*Required work:* Return the lines exactly as they stand, from the first of the material through the line containing "1596809036589915.jpg 뒷광고 사죄글 올리는 서울대 의대녀.jpg".

*Record extracts:*
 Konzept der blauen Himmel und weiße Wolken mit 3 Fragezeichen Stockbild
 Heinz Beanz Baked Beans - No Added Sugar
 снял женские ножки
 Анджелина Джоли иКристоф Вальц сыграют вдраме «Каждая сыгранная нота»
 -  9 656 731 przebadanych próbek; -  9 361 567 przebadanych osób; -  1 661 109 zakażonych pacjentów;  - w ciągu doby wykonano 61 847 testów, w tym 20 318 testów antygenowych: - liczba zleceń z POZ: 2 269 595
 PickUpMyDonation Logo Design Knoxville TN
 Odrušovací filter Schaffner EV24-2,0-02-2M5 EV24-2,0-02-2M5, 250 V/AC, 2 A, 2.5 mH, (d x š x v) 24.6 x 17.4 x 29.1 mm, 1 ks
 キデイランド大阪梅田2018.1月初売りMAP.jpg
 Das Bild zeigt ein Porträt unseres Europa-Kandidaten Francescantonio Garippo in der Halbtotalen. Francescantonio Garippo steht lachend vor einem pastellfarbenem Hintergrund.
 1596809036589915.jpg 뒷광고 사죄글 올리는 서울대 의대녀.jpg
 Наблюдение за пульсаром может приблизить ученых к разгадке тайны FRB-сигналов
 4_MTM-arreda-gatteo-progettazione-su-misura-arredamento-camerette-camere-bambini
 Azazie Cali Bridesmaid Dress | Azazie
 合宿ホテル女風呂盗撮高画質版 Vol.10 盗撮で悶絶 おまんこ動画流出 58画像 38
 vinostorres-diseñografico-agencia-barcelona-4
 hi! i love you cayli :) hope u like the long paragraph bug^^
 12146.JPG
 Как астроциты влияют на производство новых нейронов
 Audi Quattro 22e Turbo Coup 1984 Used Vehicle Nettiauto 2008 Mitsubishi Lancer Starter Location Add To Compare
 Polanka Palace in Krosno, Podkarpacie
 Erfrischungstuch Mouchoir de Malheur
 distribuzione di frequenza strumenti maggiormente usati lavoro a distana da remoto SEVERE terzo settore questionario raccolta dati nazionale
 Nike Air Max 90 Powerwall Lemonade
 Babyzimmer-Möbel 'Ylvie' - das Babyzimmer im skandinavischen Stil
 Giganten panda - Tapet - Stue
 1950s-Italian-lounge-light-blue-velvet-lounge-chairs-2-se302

*Written solution:*
 Konzept der blauen Himmel und weiße Wolken mit 3 Fragezeichen Stockbild
 Heinz Beanz Baked Beans - No Added Sugar
 снял женские ножки
 Анджелина Джоли иКристоф Вальц сыграют вдраме «Каждая сыгранная нота»
 -  9 656 731 przebadanych próbek; -  9 361 567 przebadanych osób; -  1 661 109 zakażonych pacjentów;  - w ciągu doby wykonano 61 847 testów, w tym 20 318 testów antygenowych: - liczba zleceń z POZ: 2 269 595
 PickUpMyDonation Logo Design Knoxville TN
 Odrušovací filter Schaffner EV24-2,0-02-2M5 EV24-2,0-02-2M5, 250 V/AC, 2 A, 2.5 mH, (d x š x v) 24.6 x 17.4 x 29.1 mm, 1 ks
 キデイランド大阪梅田2018.1月初売りMAP.jpg
 Das Bild zeigt ein Porträt unseres Europa-Kandidaten Francescantonio Garippo in der Halbtotalen. Francescantonio Garippo steht lachend vor einem pastellfarbenem Hintergrund.
 1596809036589915.jpg 뒷광고 사죄글 올리는 서울대 의대녀.jpg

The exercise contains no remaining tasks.